JPH0328713B2 - - Google Patents

Description

DETAILED DESCRIPTION OF THE INVENTION The present invention relates to electro-optic line printers, and more particularly to illumination nulls that occur between adjacent pixels printed by the printer.
The present invention relates to a device for reducing

Conventionally, electro-optic devices having multiple individually addressable electrodes have been used as multi-gate light valves for electro-optic line printers.
For example, U.S. Pat. There is. In addition, the 31st to 32nd issue of Electronic Design magazine published on July 19, 1979.
``Light Gate Gives Data Recorders Improved Hardcopy Resolution,'' Machine Design Magazine, July 26, 2008
“Polarizing filter that blots analog waveforms” described on page 62 of Volume 51, No. 17 (Design), and
Such a technique is similarly shown in "Data Recorder for Erasing Linear Problems" published on pages 56-57 of Design News magazine published on February 4, 1980.

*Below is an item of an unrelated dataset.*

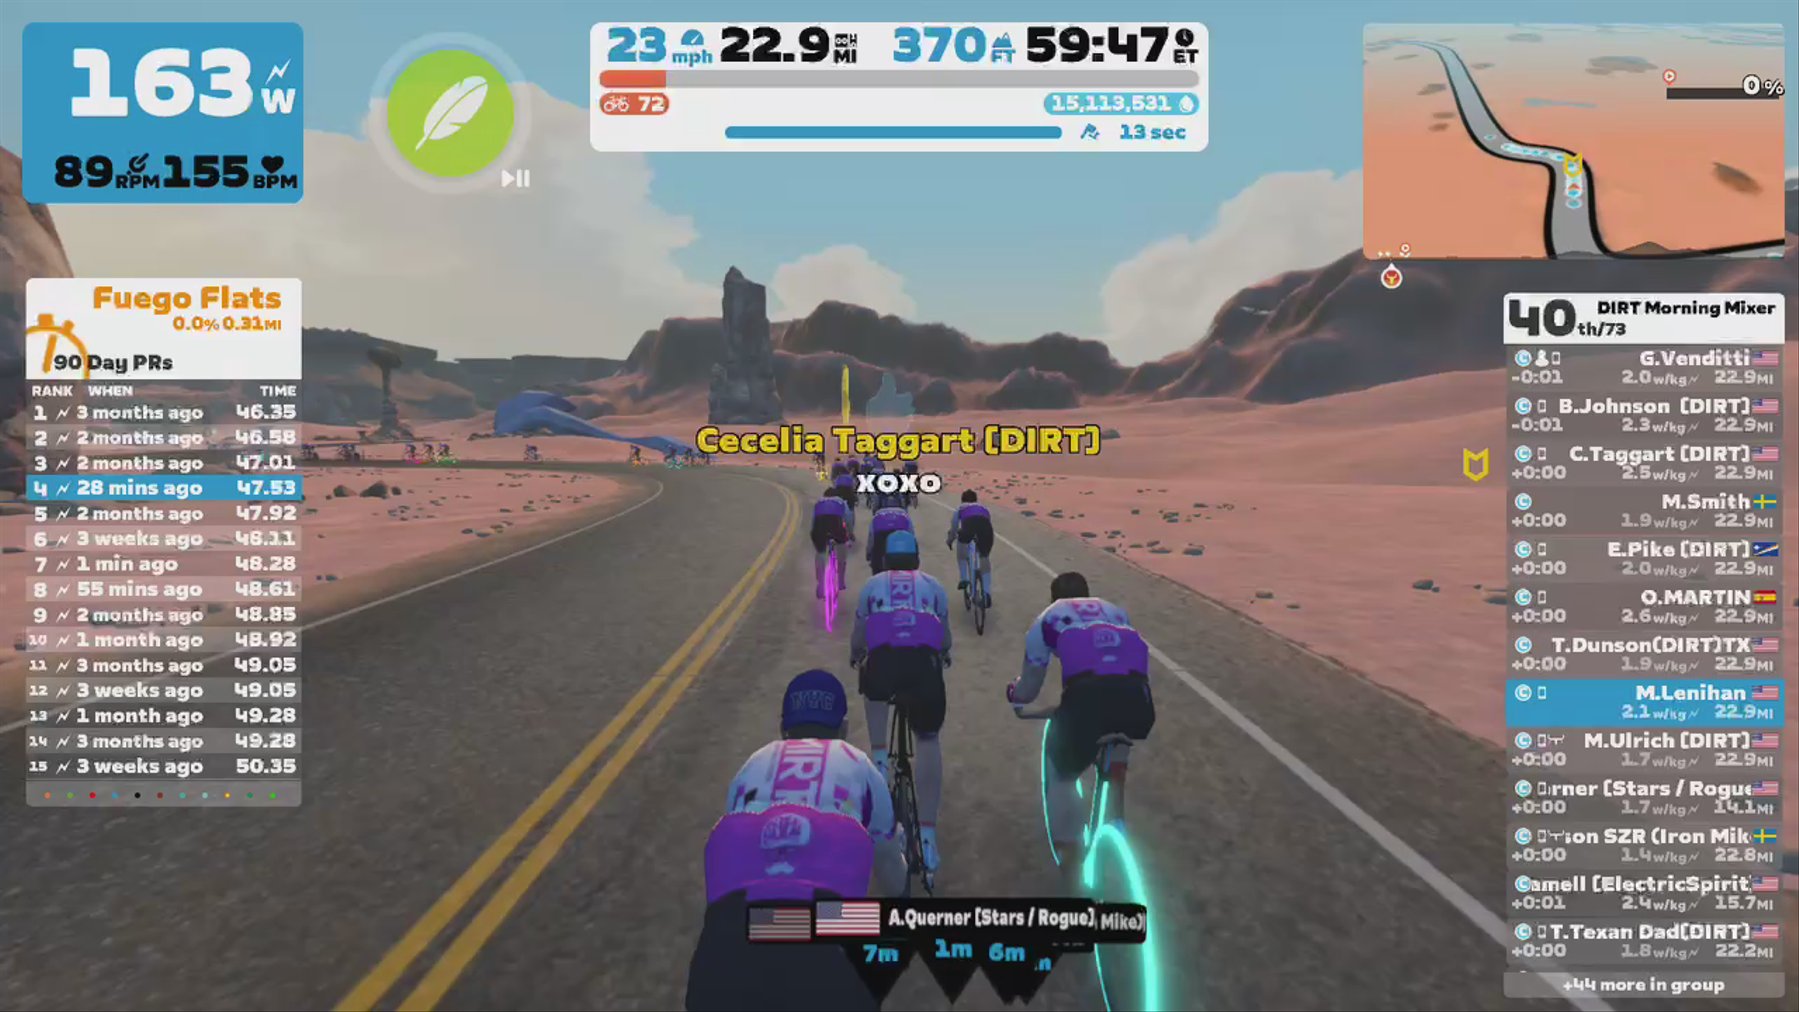 Zwift - Group Ride: DIRT Morning Mixer (C) on Tick Tock in Watopia

Further, steady progress has been made in the development of multi-gate light valves of the above type and in the application of the light valves to electro-optic line printing. For example, US Patent Application No. 187911 (filed date: September 1980) by the present inventor.
17, an "electro-optical line printer") is a series of input data streams in which the displayed image is printed onto a standard photosensitive recording medium using a multi-gate light valve that is illuminated by a conventional light source. It has been shown that The same specification describes an input data sample and hold technique that minimizes the output power required by the light source.

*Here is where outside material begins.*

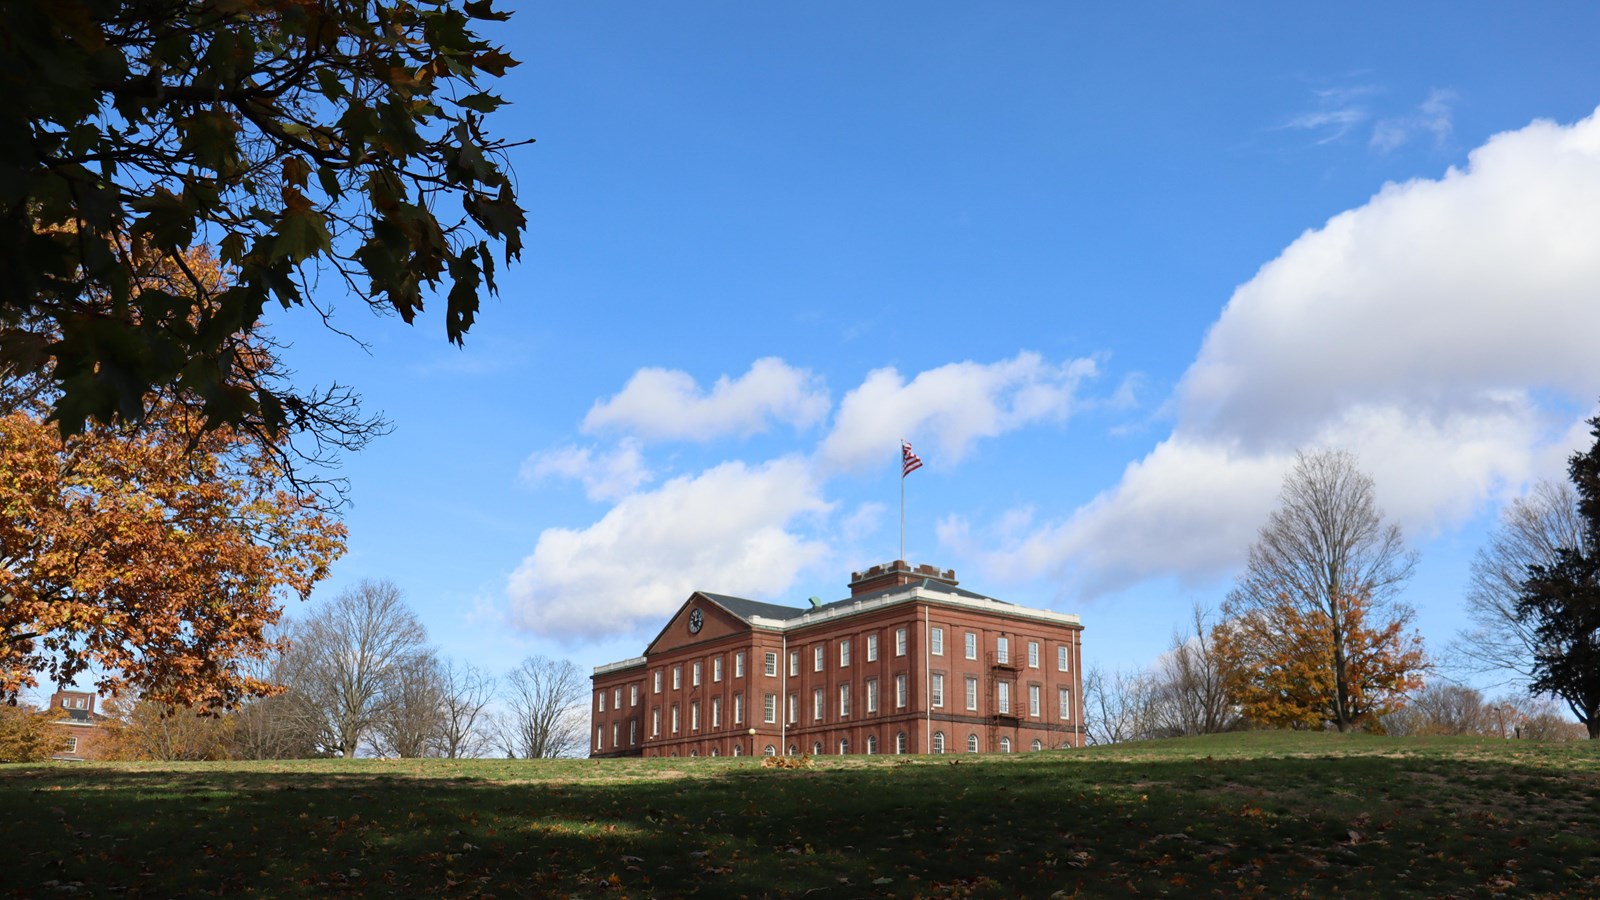 The Main Arsenal Building,  on a hill with a blue sky and clouds with trees framing the image.

Furthermore, a similar application was filed on September 17, 1980.
WDTurner Invention U.S. Patent Application No.
No. 187936, "Proximally Coupled Electro-Optical Device," states that the electrode and electro-optic element of a multi-gate light valve can be physically distinct components, and the two can be pressed together or rigidly integrated. It is disclosed that "proximity coupling" can be obtained by doing so. In addition, U.S. Patent Application No. 188171 (filing date: September 17, 1980, title of invention: "Integrated Electronics for Close Coupling Electro-Optical Devices") filed by the present applicant on the same day includes, for example, a VLSI silicon electrode actuation circuit. WDTurner discloses that electrical connections to the electrodes of the above-described close-coupled multi-gate light valve can be made relatively easily if the electrodes are formed by appropriately patterning the metallization layer of the WDTurner.
U.S. Patent Application No. 187916 (filing date;
September 17, 1980, the invention (titled "Differential Encoding for Ambient Field-Responsive Electro-Optical Line Printers") is based on the number of electrodes required by a multi-gate light valve in order for an electro-optic line printer to obtain the desired resolution. discloses that if the input data can be encoded differentially, it can be halved.

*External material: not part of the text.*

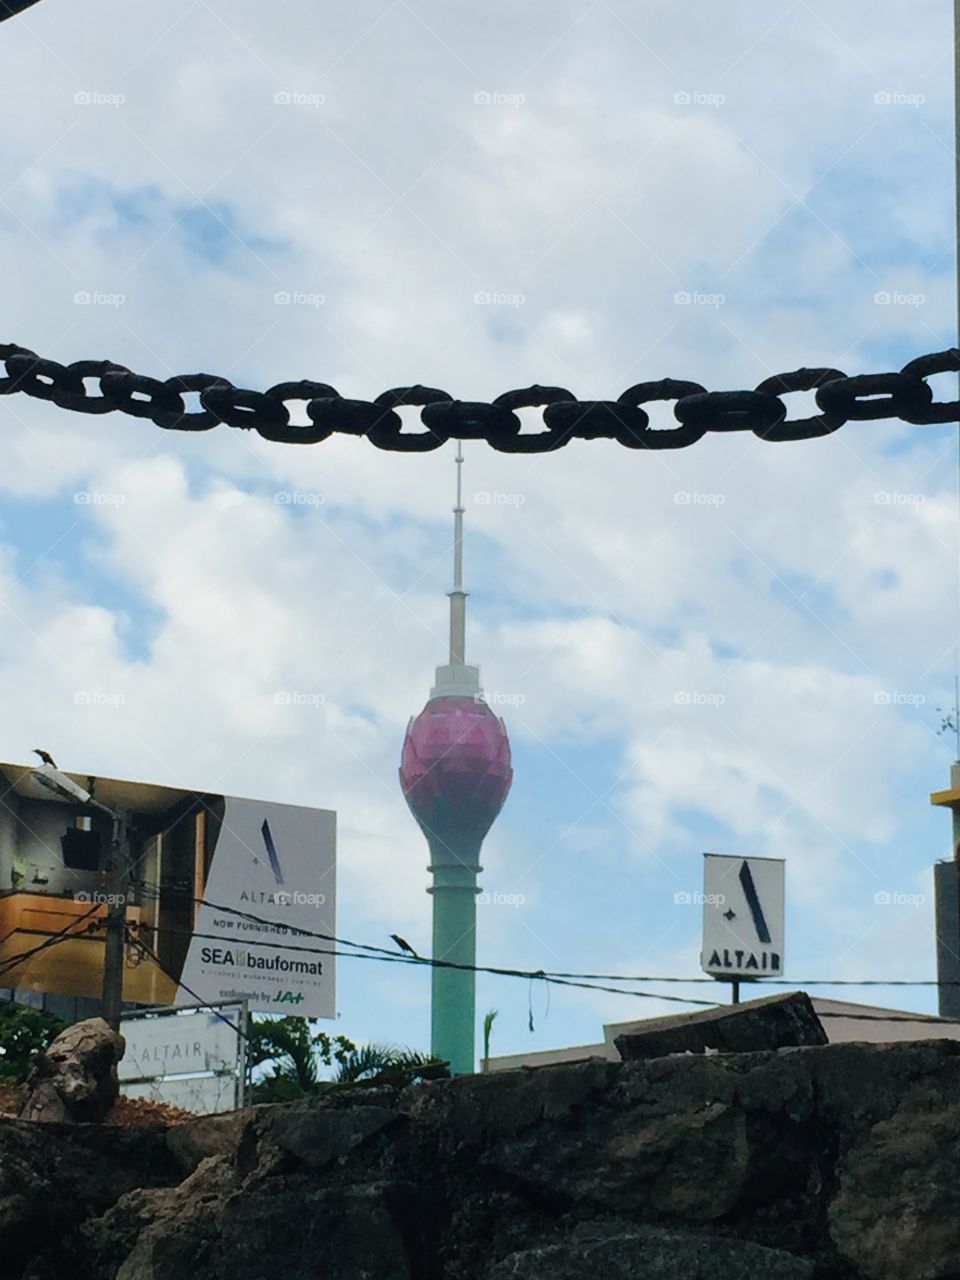 Lotus tower with chain

Additionally, the inventors' U.S. patent application no.
According to No. 248939 (filing date: March 30, 1981, title of invention: "Multilayer plug-in electrode for multi-gate light valve"), by using two or more layers of plug-in electrodes, multi-gate light valves are electro-optical. U.S. Pat. A gated light valve ("Gated Light Valve") is disclosed with respect to a convergent arrangement of electrodes that can simplify the imaging optics required for light valve applications in electro-optic line printers and the like. A previously filed application entitled "Nonuniformity Compensation for Multi-Gate Light Valve" by the present inventors discloses a technique for subtracting independent variables from data in the optical output of a multi-gate light valve.

Despite these advances, the characteristics of conventional electro-optic line printers result in undesirable illumination nulls between adjacent pixels of printed image lines. This illumination
Nulls cause discontinuities in printed images and significantly deteriorate image quality. Further, a straightforward method of removing illumination nulls by defocusing or blurring the printer's image forming system cannot generally be employed because electro-optic line printers rely on coherent image formation.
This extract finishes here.